**Work required**:
Which lines of the data below contain "white"? Please show them all.
---------------
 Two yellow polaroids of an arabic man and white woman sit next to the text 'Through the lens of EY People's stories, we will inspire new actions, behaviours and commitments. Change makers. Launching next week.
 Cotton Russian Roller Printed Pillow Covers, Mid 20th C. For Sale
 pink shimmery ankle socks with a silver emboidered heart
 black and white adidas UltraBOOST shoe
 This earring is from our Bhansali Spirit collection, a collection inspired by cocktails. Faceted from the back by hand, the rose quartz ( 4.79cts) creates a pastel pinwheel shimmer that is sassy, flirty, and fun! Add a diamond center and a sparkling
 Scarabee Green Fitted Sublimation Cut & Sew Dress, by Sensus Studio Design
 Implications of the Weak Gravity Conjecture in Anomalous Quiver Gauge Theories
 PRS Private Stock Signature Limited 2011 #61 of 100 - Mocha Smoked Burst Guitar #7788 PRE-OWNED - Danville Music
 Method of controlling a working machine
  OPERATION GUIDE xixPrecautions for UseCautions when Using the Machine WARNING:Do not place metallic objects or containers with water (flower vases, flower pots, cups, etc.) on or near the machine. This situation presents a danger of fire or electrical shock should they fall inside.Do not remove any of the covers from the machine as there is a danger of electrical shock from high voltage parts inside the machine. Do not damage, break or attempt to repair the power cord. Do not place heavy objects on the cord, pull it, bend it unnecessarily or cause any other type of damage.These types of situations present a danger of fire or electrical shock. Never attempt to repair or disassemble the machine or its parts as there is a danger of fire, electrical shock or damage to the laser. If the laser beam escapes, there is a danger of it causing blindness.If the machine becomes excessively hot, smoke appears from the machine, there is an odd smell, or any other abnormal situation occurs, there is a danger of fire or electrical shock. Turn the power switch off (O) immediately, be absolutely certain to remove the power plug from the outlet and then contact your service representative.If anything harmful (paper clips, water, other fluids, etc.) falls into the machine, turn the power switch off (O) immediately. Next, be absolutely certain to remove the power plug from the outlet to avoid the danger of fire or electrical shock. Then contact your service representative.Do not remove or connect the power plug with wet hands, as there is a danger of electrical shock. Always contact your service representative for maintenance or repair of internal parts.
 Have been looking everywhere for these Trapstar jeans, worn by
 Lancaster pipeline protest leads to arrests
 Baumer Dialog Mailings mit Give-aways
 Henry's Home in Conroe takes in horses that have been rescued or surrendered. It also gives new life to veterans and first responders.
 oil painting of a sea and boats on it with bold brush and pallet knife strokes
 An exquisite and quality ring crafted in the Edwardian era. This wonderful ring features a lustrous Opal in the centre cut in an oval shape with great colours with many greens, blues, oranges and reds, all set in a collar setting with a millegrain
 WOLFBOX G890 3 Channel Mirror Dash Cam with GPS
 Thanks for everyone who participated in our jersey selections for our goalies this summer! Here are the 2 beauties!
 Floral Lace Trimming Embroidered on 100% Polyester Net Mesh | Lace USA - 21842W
---------------
**Task output**:
 Two yellow polaroids of an arabic man and white woman sit next to the text 'Through the lens of EY People's stories, we will inspire new actions, behaviours and commitments. Change makers. Launching next week.
 black and white adidas UltraBOOST shoe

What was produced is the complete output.